Parenting: I Can’t Do It Alone

In a world in which individualism is celebrated, it can be scary and vulnerable to admit that we need other people. But I believe vulnerability can be a strength, and so I would like to openly share that since becoming a parent I’ve never needed other people more. Without family and friends I am not sure how I would have coped with the intensity with which I have experienced the transition into motherhood.

It is strange that there can be a shame attached to needing and asking for help. Social interdependence is a self-evident truth of human life: relationships are the strongest predictor of our longevity and loneliness is as damaging to our health as being a heavy smoker. So why do some of us find it so difficult – embarrassing even – to rely on others? 

The need for community 

A certain emptiness results from a culture that celebrates shallow individualism, while all the while knowing that human connection is central to our wellbeing. An old University friend of mine, Adele Jarrett-Kerr, recently shared an excellent blog post about how experiencing a big life shift – such as (but not limited to) becoming a parent – can make us more aware of this emptiness:

“Becoming a parent is just one major life event that cracks you open and maybe slows you down enough to notice that there is void where something we evolved to expect is no longer. That thing is the village, the kind of community where our needs are seen and met – where we are seen and met – and where we draw life from living alongside others.”

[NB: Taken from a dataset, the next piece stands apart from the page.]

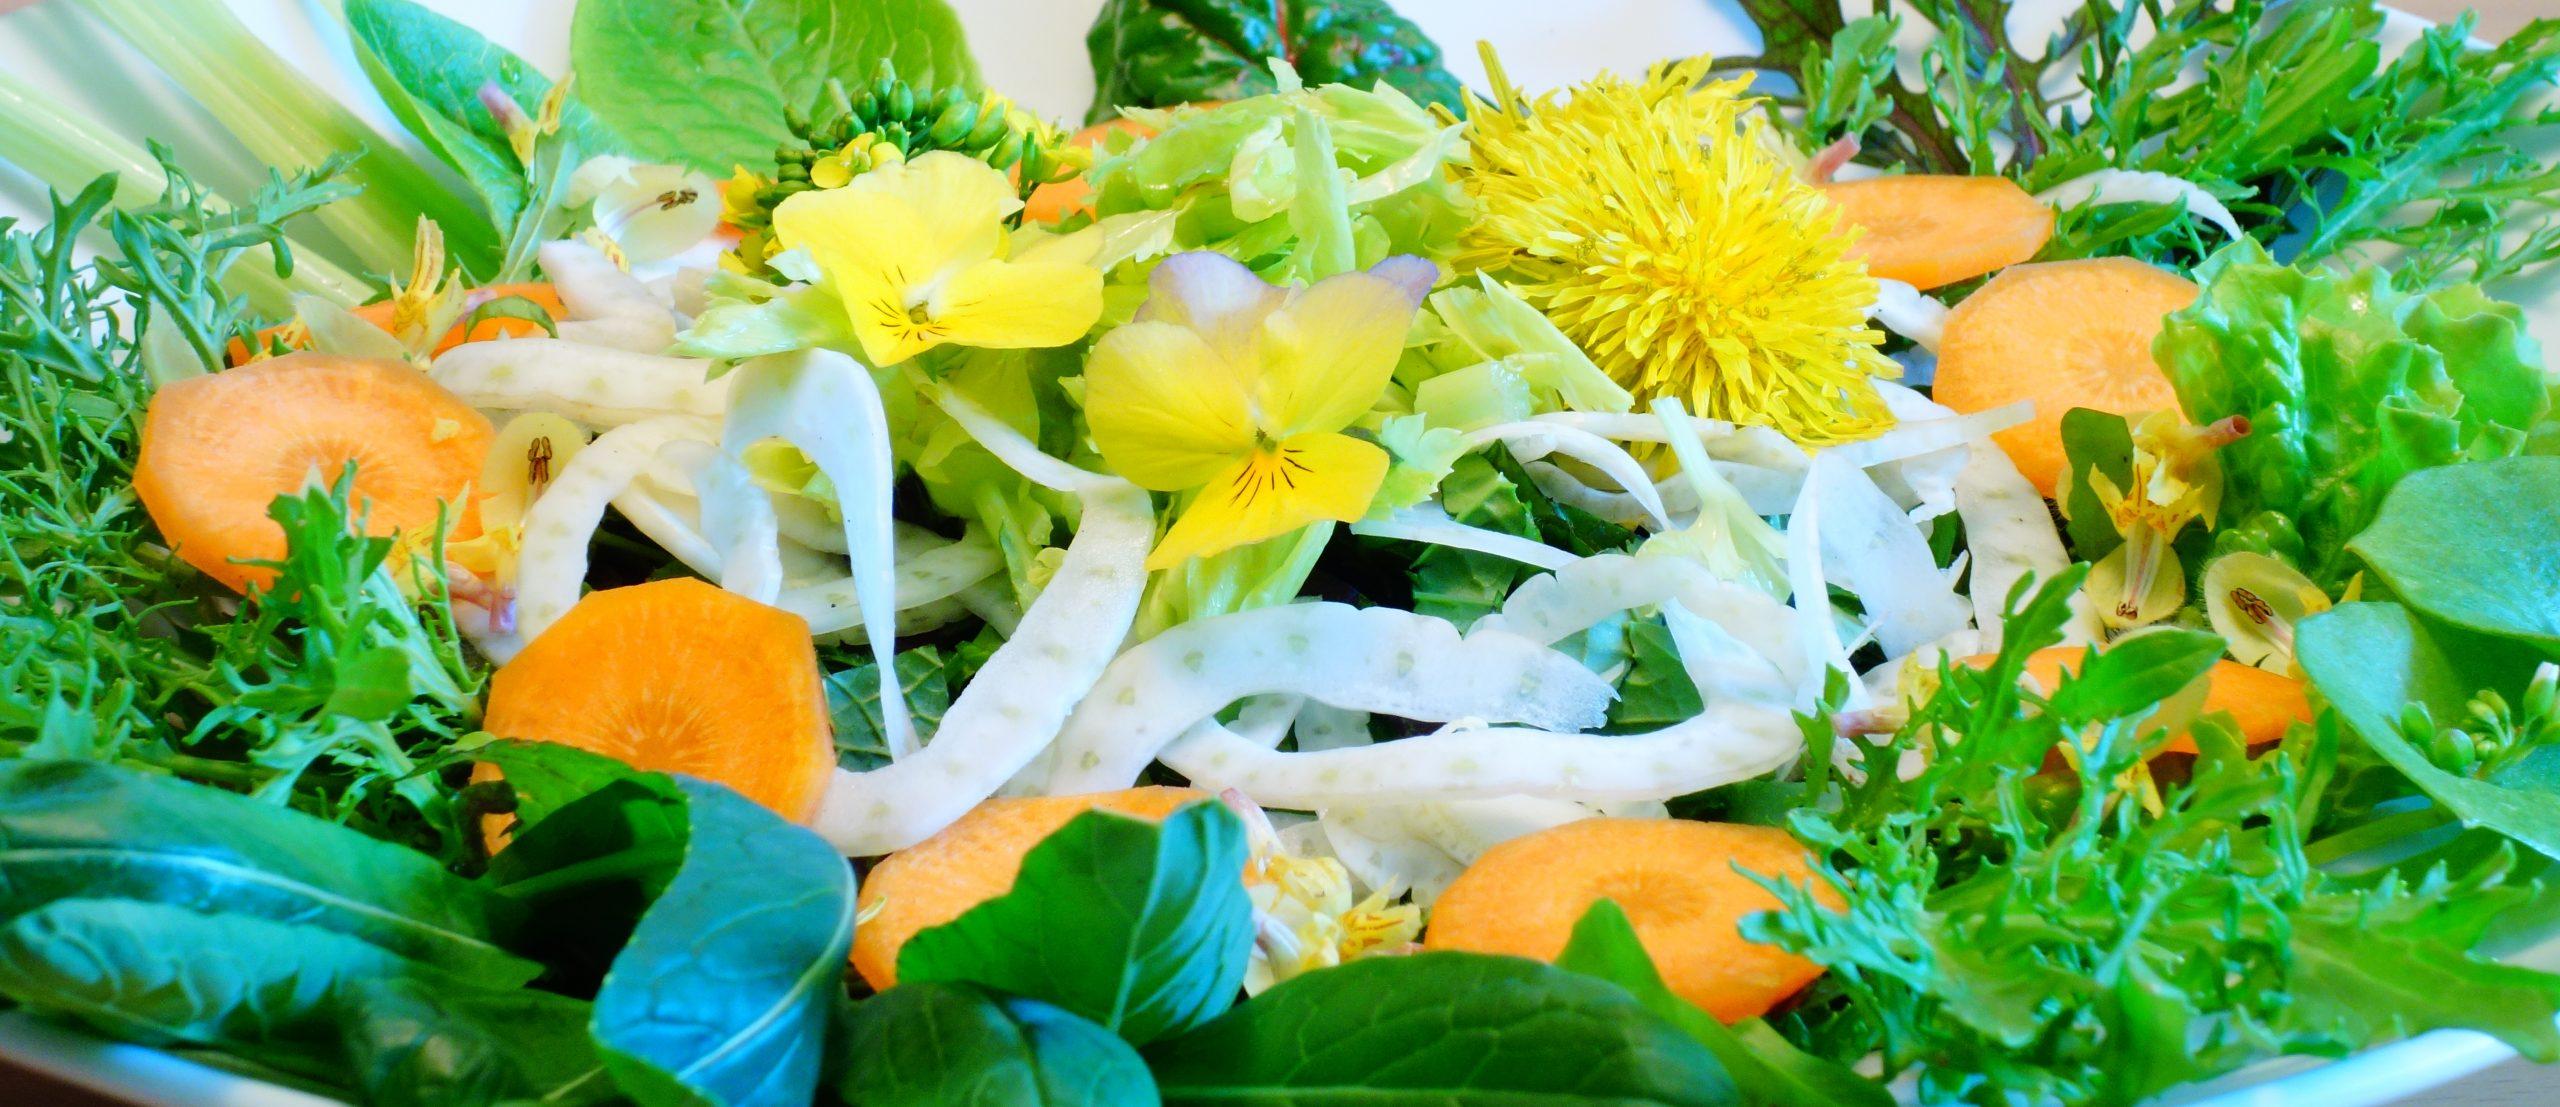 Salat gemischt mit Blüten

Many of us feel encouraged to live our lives as if we don’t need each other, but at some point we get a wake-up call to show us how hard it is to make it alone.

At ‘The Monkies’ community house for a concert by Sarah Sounds. Friends I have made via The Monkies have been among the many people who have given me so much support.

Needing others: Shame or belonging? 

For much of my adult life I have prided myself on being independent. I’ve felt successful when I have been able to support myself and meet my own needs while relying on others as little as possible. I found asking for help difficult, and when it has been unavoidable I’ve found what I perceived as my neediness to be a bit shameful. However, this approach to life resulted in a kind of isolated independence. My successes and failures seemed to be my own; people close to me were happy or sad for me, but I somehow feel that I didn’t make enough space for people to share these ups and downs of life directly with me. 

Becoming a mama has blown this way of being in the world wide open. I can no longer make it on my own; I need help from others all the time, just to meet the needs of my everyday life. My partner, Thijs, is a very loving and active papa but he is away half of the time for his work as a captain of a tug ship. In a way this has been a blessing in disguise, forcing me to go beyond the nuclear family model and draw on my other close relationships – my own village – to help care for my daughter.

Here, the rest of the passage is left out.